January 14, 2010
Judge Cites Discrimination in N.Y. Fire Dept.
By AL BAKER
A federal judge ruled on Wednesday that New York City intentionally discriminated against black applicants to the Fire Department by continuing to use an exam that it had been told put them at a disadvantage.
It was not a “one-time mistake or the product of benign neglect,” wrote the judge, Nicholas G. Garaufis of Federal District Court in Brooklyn. “It was a part of a pattern, practice and policy of intentional discrimination against black applicants that has deep historical antecedents and uniquely disabling effects.” A remedy will be decided on later.
In his decision, the judge highlighted how “black and other minority firefighters have been severely underrepresented,” characterizing that as a “persistent stain on the Fire Department’s record.”
City officials said that they intended to appeal the decision, but could not do so until the judge had determined what damages the city might face.
Legal experts, as well as lawyers for the plaintiffs and city officials, said the decision was the first in recent memory in which a court had found that the city had intentionally discriminated against a large group of people — racial minorities or women, for instance — in the workplace.
“I can’t recall there ever being a finding of intentional racial discrimination in a pattern-and-practice case against the city,” said Elise C. Boddie, a professor of constitutional law at New York Law School who formerly litigated employment discrimination cases. “I would say this is pretty big.”
In July, Judge Garaufis — acting on a claim being pushed by the United States Justice Department — ruled that the Fire Department used a test in 1999 and 2002 that had a discriminatory effect on black applicants.
In his ruling on Wednesday, the judge found that the city intentionally discriminated against blacks in using those tests and in ignoring calls over the years to change the testing procedure. The suit was brought by three people who took the test and by the Vulcan Society, a fraternal organization of black city firefighters.
At the heart of the case is the Fire Department’s persistent underrepresentation of minorities and the continued use, between 1999 and 2007, of the entrance exams. In 2007, there were 303 black firefighters, accounting for 3.4 percent of the department’s ranks; black residents make up 25.6 percent of the city’s population.
The judge noted that while the city’s other uniformed services “have made rapid progress integrating black members into their ranks, the Fire Department has stagnated and at times retrogressed.”
Judge Garaufis stopped short of finding that Mayor Michael R. Bloomberg and the former fire commissioner, Nicholas Scoppetta, had also intentionally discriminated against black applicants. But the judge wrote that he found strong evidence to suggest that they were made aware numerous times that the Fire Department’s entrance exams were discriminatory, yet failed to take sufficient remedial action.

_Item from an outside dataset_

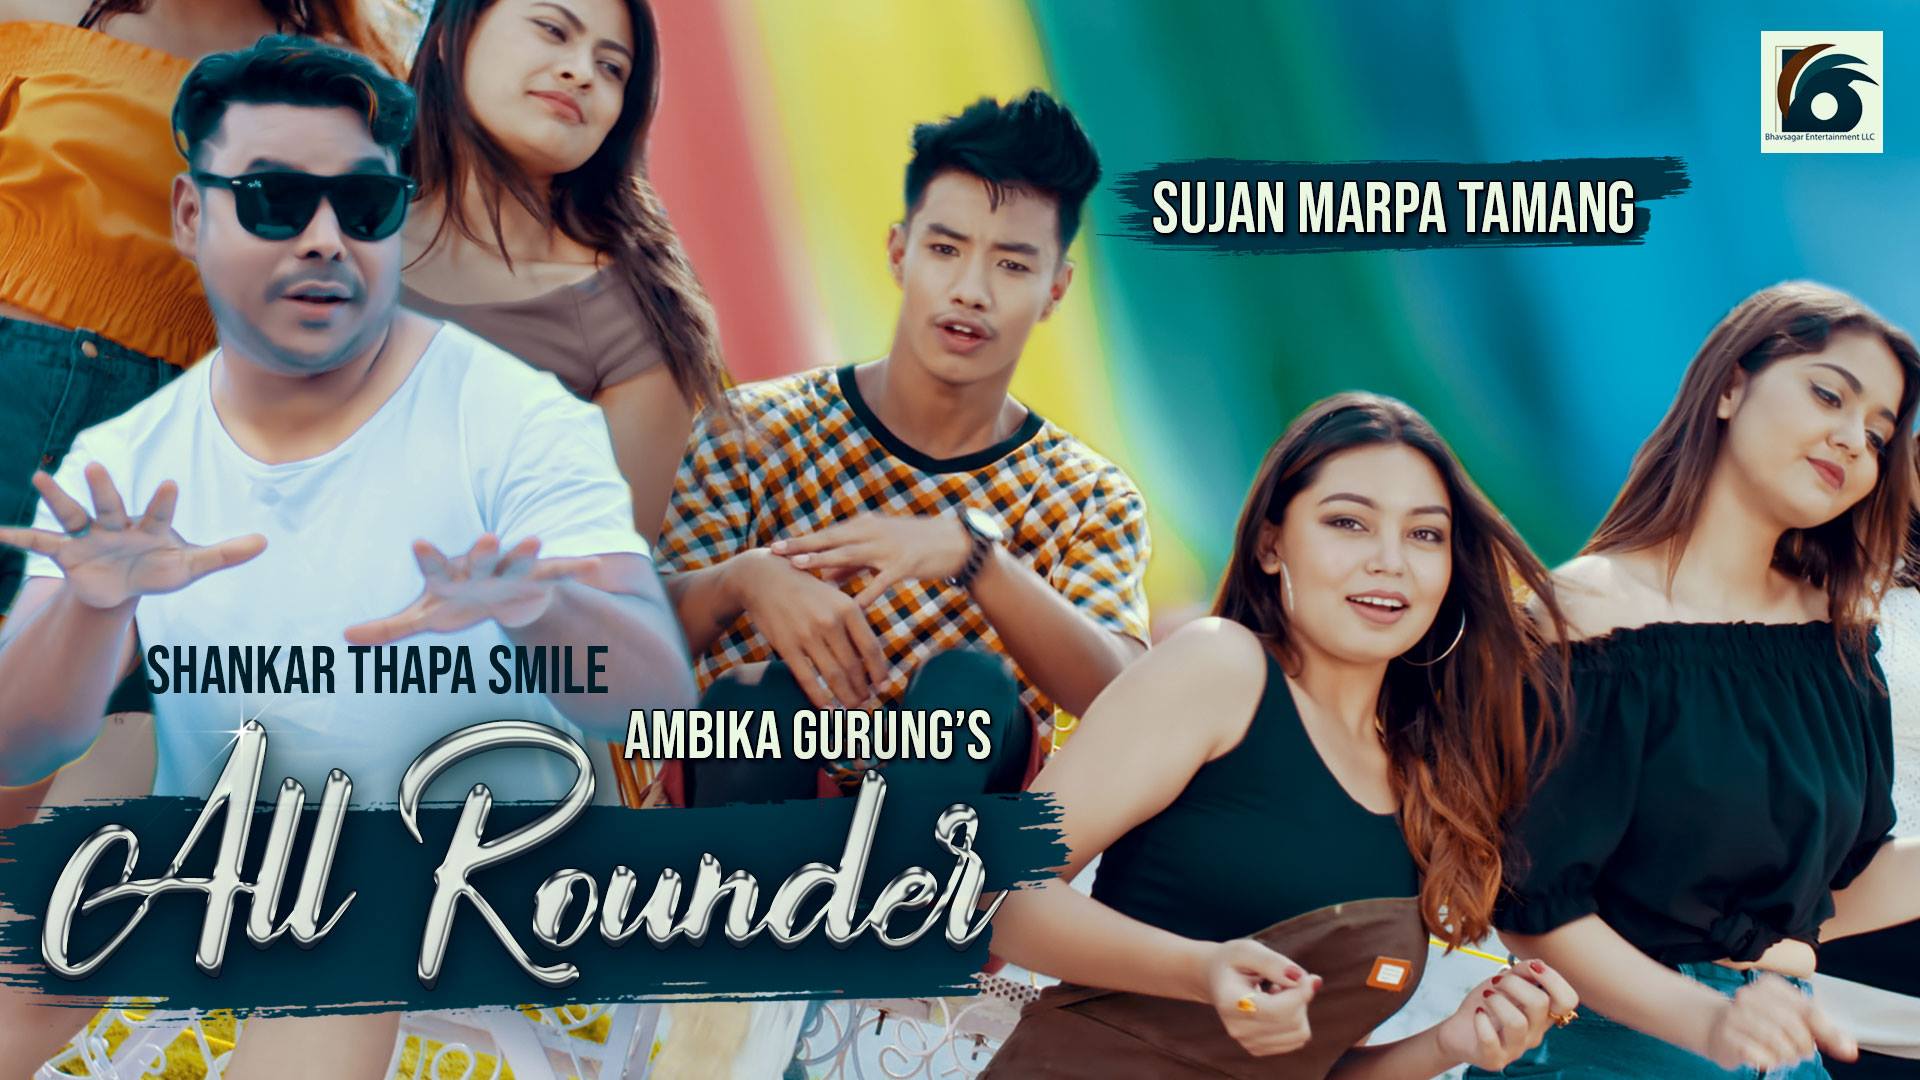 गायक शंकर थापा स्माइलको 'अल राउण्डर' सार्बजनिक(भिडियो सहित)

The mayor testified at a deposition in August that he did not recall receiving a report more than six years ago warning him about sharp differences in the pass rates between white and minority candidates for firefighter jobs, lawyers said.
The judge “let the mayor and the commissioner off the hook on the basis of a doctrine known as qualified immunity,” said Richard A. Levy, a lawyer for the plaintiffs. He said that doctrine exempts public officials from lawsuits that are based on their discretionary decisions.
The chief of the labor and employment law division of the city’s Law Department said in a written statement that she was “pleased” that the court dismissed claims against Mr. Bloomberg and Mr. Scoppetta, but disagreed with the overall finding of intentional discrimination.
“It is the city’s view that there is simply no evidence that the city ever intended to discriminate against black applicants,” the lawyer, Georgia Pestana, said.
Anjana Samant, a lawyer for the Center for Constitutional Rights, which was part of the team that represented the plaintiffs, said that the class of people involved has been defined as those who were disqualified from becoming firefighters by virtue of the tests. The pool of potential claimants, she said, could reach the hundreds.
Ms. Samant said the remedies could include payment of lost salary for those denied jobs, as well as new city hiring policies.
Some city officials said they found the decision unexpected and deeply perplexing, in part because the judge ruled on plaintiffs’ motions for summary judgment and the city’s motion to dismiss the case without a trial.
Mr. Levy agreed it was unusual to get a ruling based solely on documentary evidence and depositions, but he said “the evidence of a decades-long pattern of discriminating against black and Latino firefighter applicants was overwhelming.”
Ms. Boddie, the New York Law School professor, said such rulings against government entities were rare around the nation, adding, “To the extent there is a finding of liability, it is usually on disparate-impact grounds, not based on racially discriminatory intent.”
Paul Washington, 48, a firefighter in Brooklyn and a former Vulcan Society president, said that the ruling validated “what we’ve been saying for the longest time, and which I’ve been saying since 1999 — that the Fire Department discriminates, intentionally, and they just continue to do it.”
He said he believed that over the department’s 145-year history, there were probably “thousands of thousands of black men and women who should have had this job and didn’t get it.”
Toby Lyles and Michael S. Schmidt contributed reporting.